We know that waterborne illness can be prevented with sustainable solutions by empowering ordinary people to provide safe, reliable drinking water. House of Joy is committed to meeting the basic need of pure water by installing water purification systems, as the need is identified, through our international community development projects as well as crisis response for local community disasters or individual hardships.
Volunteers in HOJ are equipped to teach people to build, operate, and maintain a simplified water purification system that can be assembled anywhere and be operational within hours. In the process relationships are built, community ownership and self-sufficiency is developed, and education in health and personal hygiene is given for the receiving community. This approach results in long-term, sustainable improvements for the community’s overall health and well-being, not just in the provision of drinking water.

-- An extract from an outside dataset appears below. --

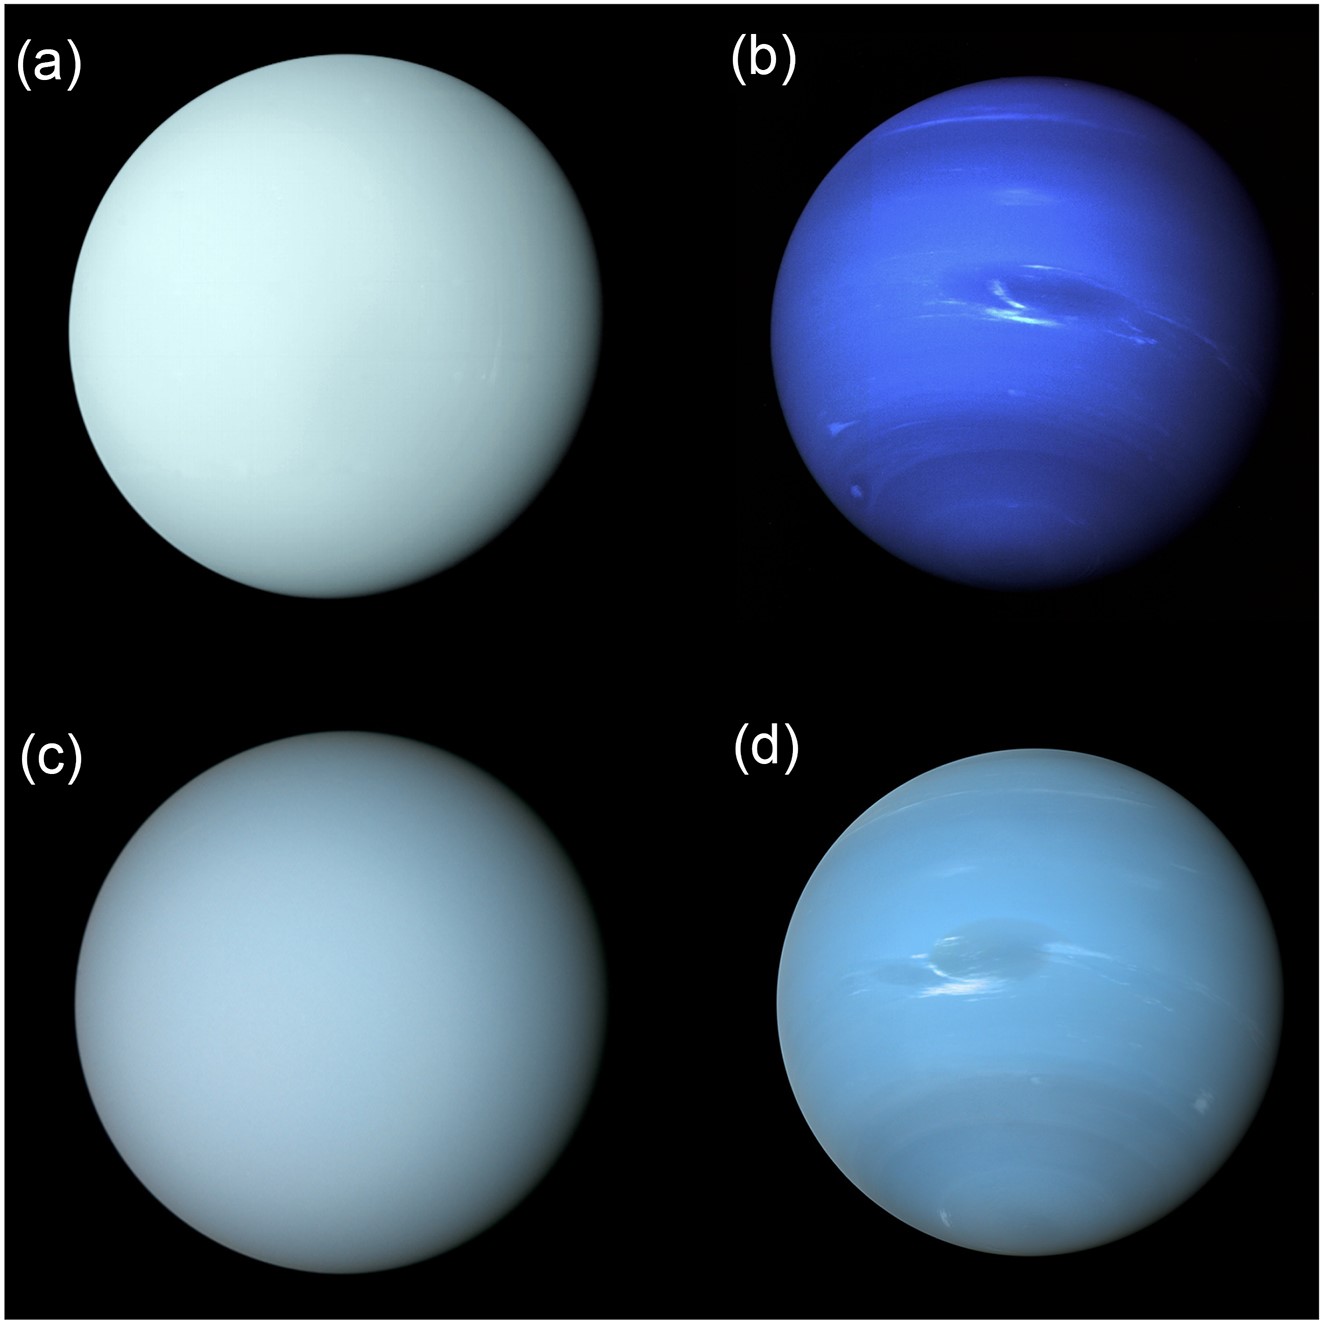 изображения внешнего вида Урана и Нептуна

Our partners can also bring other solutions for clean water through clarifying systems that can remove debris and carcinogens as well as simple individual filtering systems for short term use.
Water Purification Training
House of Joy offers water purification, sanitation and hygiene training to interested volunteers as well as anyone who may want to be prepared on a personal level for times of crisis or disaster. Demonstration and discussion includes how to:
Work with international communities on drinking water projects
Test water for the presence of water-borne pathogens
Assemble and use a simple water purifier to kill water-borne pathogens and parasites
Configure, operate and maintain a mini water treatment system (all hands-on work)
Develop a checklist of tools/parts needed
Teach lessons in sanitation and hygiene that are vital to reducing the incidents of diarrheal diseases
Assemble simple sanitation devices using easily accessible parts
Every 21 seconds, a child dies from a water related illness
780 Million People
lack access to clean water
More than 3.4 million people die each year from water, sanitation, and hygiene-related causes. Nearly all deaths, 99 percent, occur in the developing world.